Rental yield is the single most important metric for buy-to-let investors — and the UK's regional yield map has never been more polarised. This page consolidates every critical rental yield statistic for 2026, from gross and net yields by city and region to BTL lending trends, landlord demographics, and the structural forces shaping returns through to 2030.

Whether you are an investor evaluating your next acquisition, a mortgage broker advising landlord clients, or a researcher analysing the private rented sector, this is the definitive reference.

Last Updated: April 2026 | Next Update: July 2026


UK Rental Yield by Region

Key Rental Yield Statistics at a Glance

  • The average UK gross yield for residential buy-to-let is approximately 5.5–6.0% in 2026.
  • The average UK monthly private rent is £1,377 (ONS, 12 months to March 2026).
  • England's average monthly rent is £1,434, Scotland's is £1,022, Wales's is £830.
  • Rental inflation has decelerated to 3.4% nationally — down from 6%+ in 2023.
  • The North East has the highest rental inflation at 6.5% year-on-year.
  • London has the lowest rental inflation at 1.7% — an affordability ceiling effect.
  • Hull offers the highest estimated gross yields at 8–11%.
  • Liverpool yields range from 7–10%, driven by student demand and low entry prices.
  • Bradford and Sunderland offer gross yields of 8–9.5%.
  • London gross yields average just 3.5–4.5% — the lowest in the UK.
  • HMOs (Houses in Multiple Occupation) achieve yields of 9–15% in optimal locations.
  • Approximately 75–80% of all new BTL purchases are now made via a limited company.
  • There are 443,272 active BTL companies registered at Companies House — nearly 5x the 2016 figure.
  • BTL lending reached £6.6 billion in Q3 2025 — a 26% year-on-year increase.
  • 39% of landlords planned to refinance in 2026 due to maturing fixed-rate deals.
  • Savills forecasts cumulative UK rental growth of 12% over 2026–2030.

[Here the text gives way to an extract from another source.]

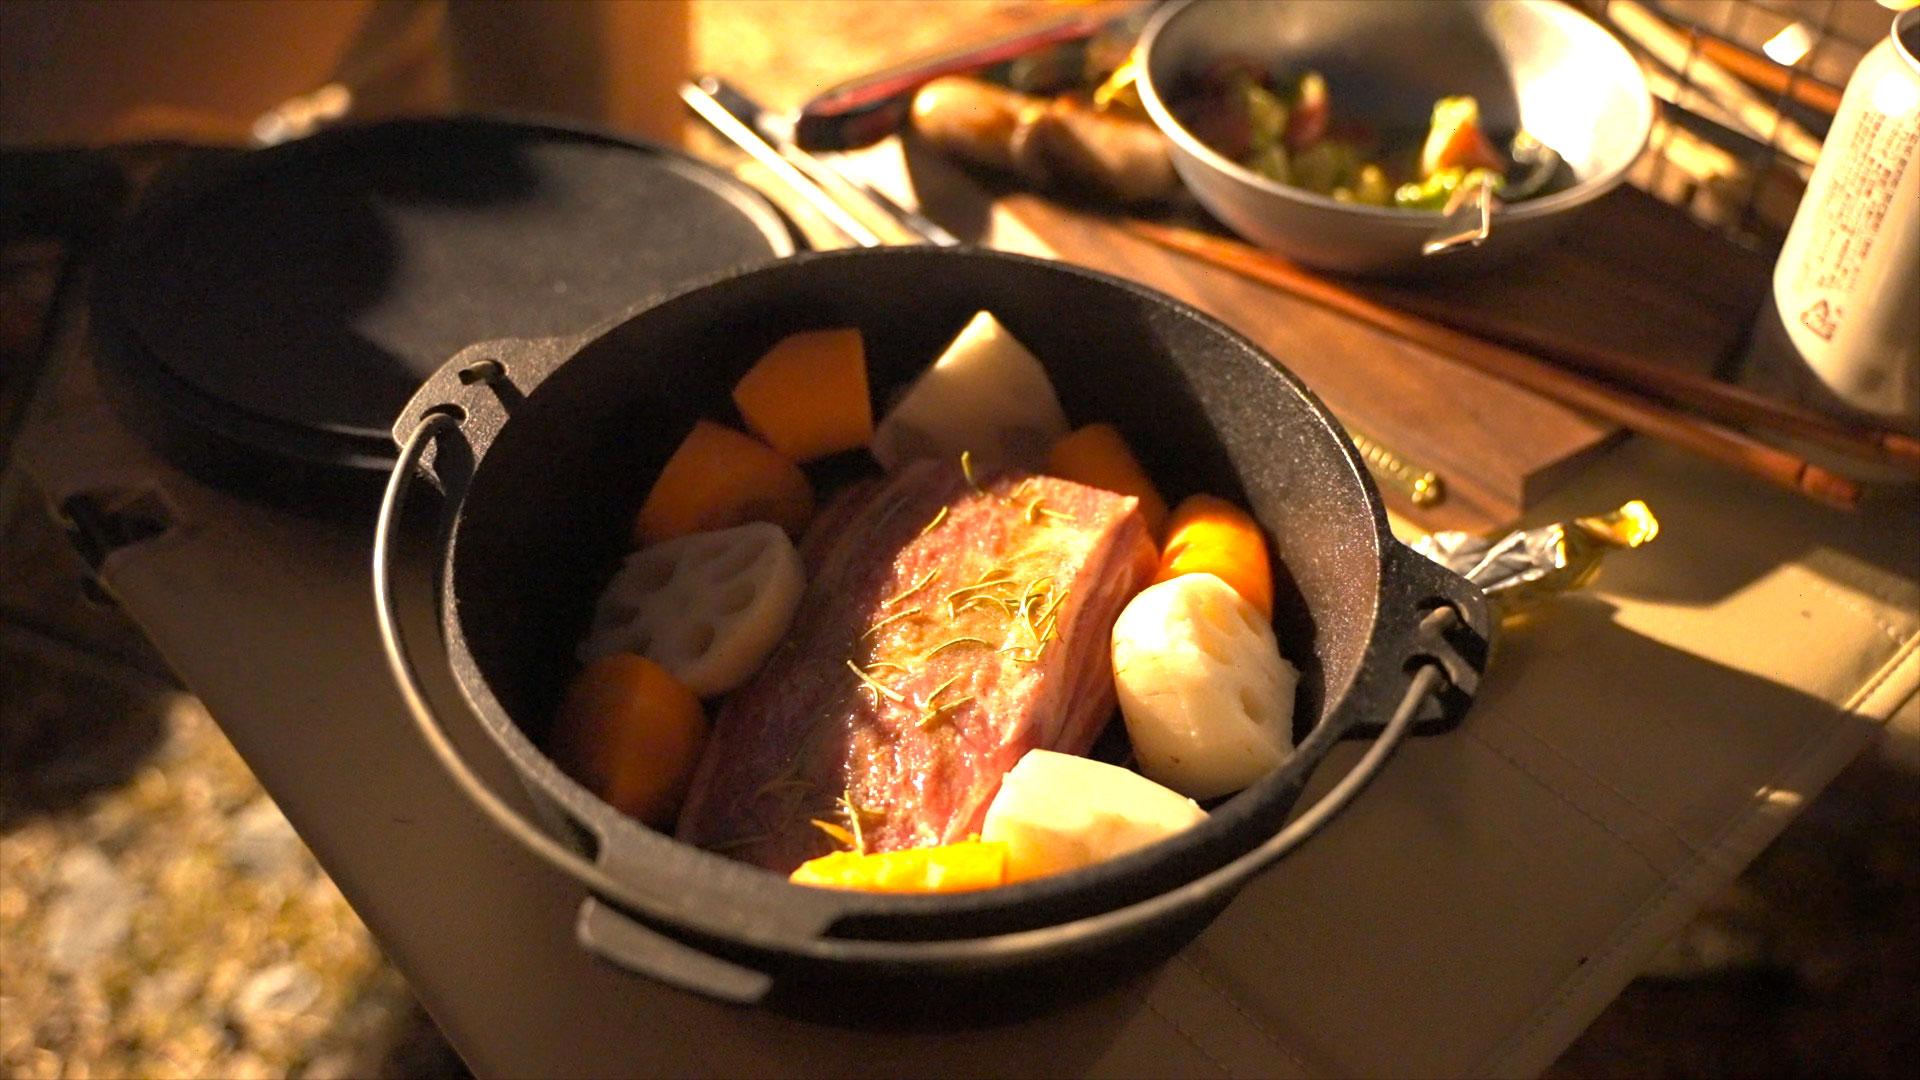 ダッチオーブンの下に網をしくと焦げつきを防ぐことができます
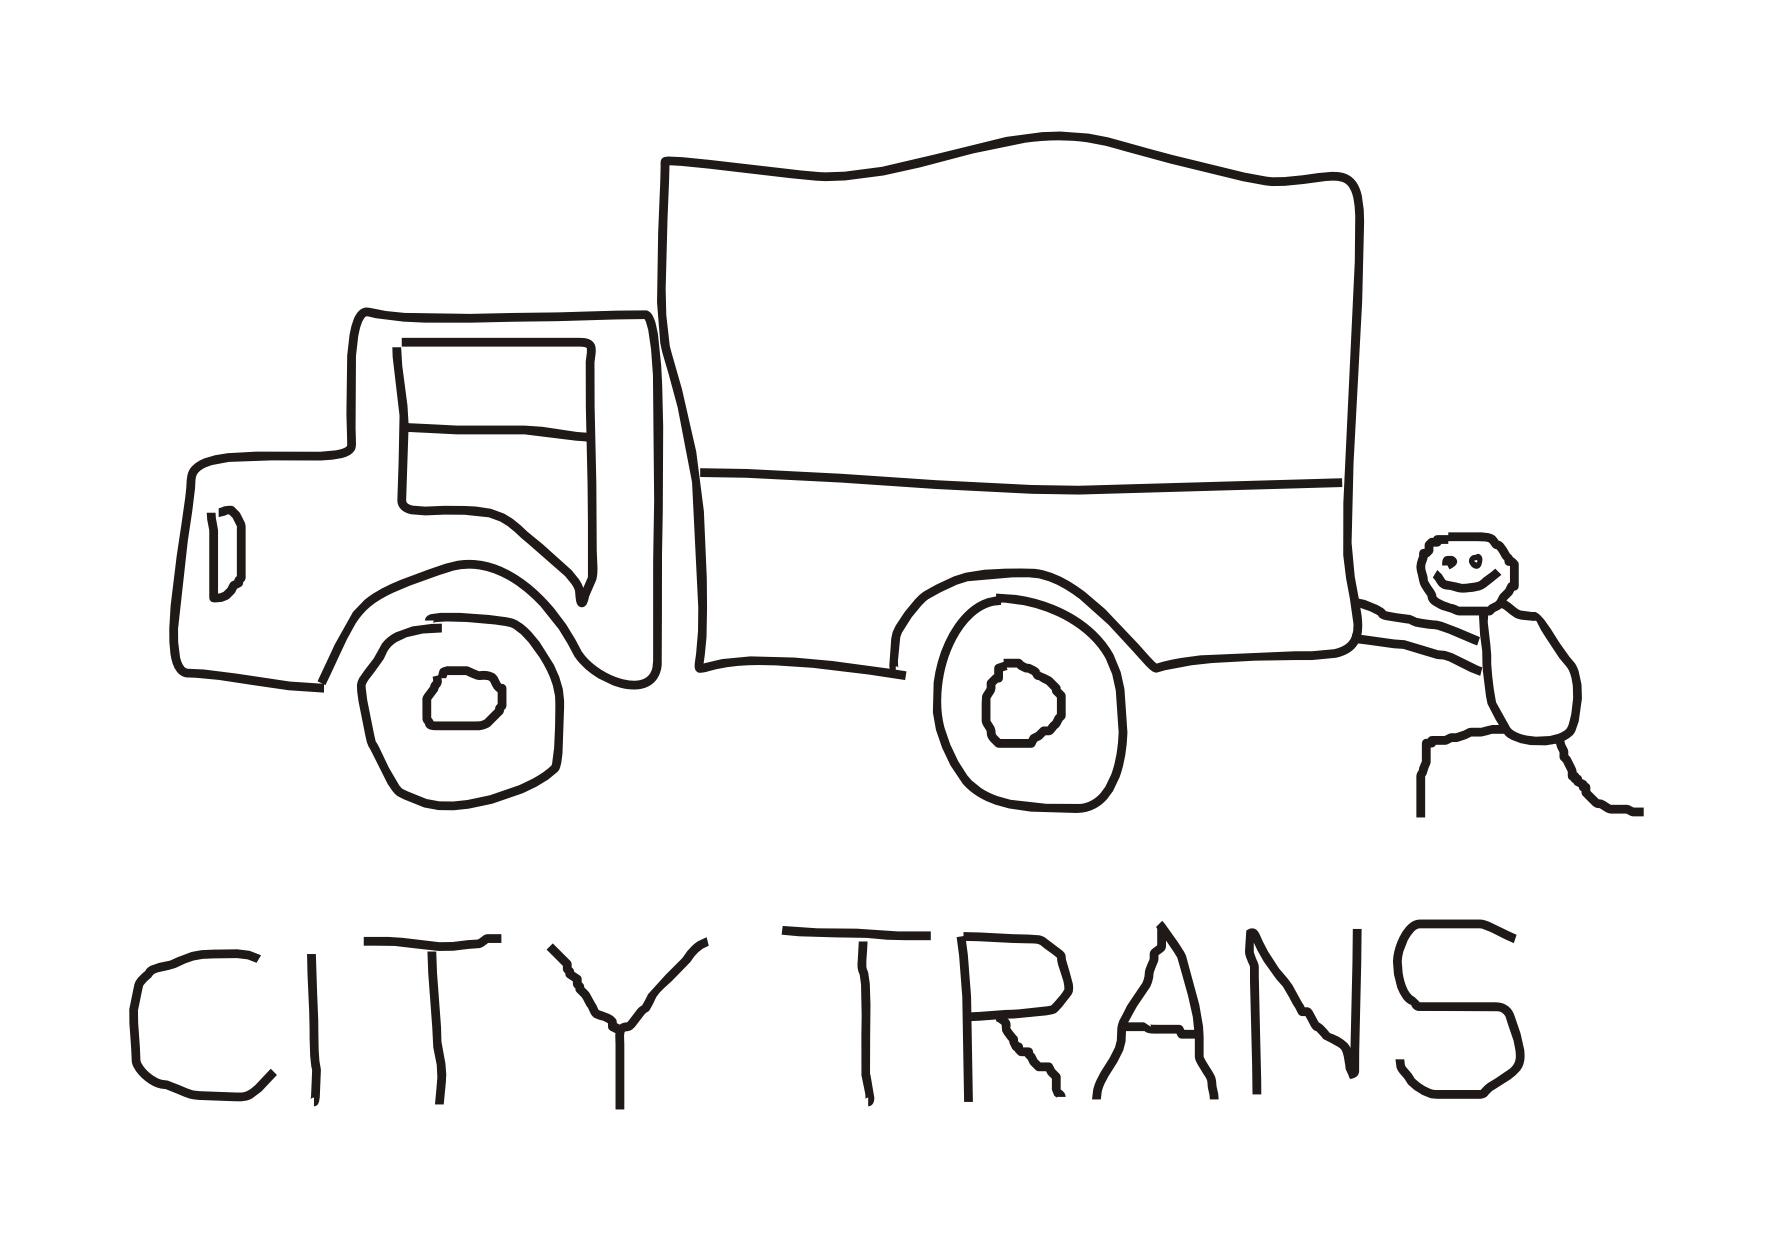 Разработка Логотипа транспортной компании фото f_7595e6e20a0840db.jpg

Source: Shaded Canvas analysis of ONS, Hamptons, UK Finance, Companies House, Savills, and Zoopla data. Last updated April 2026. Cite as: "UK Rental Yield Statistics 2026, Shaded Canvas (blog.shadedcanvas.co.uk)."


Understanding Rental Yield

Before diving into the data, a brief clarification of the two yield metrics used throughout this article:

Gross Yield = (Annual Rental Income / Property Purchase Price) x 100

Net Yield = ((Annual Rental Income - Annual Costs) / Property Purchase Price) x 100

Annual costs typically include mortgage interest, maintenance, insurance, management fees, void periods, and landlord taxes. Net yield is always lower than gross yield — typically by 2–3 percentage points for a standard single-let property.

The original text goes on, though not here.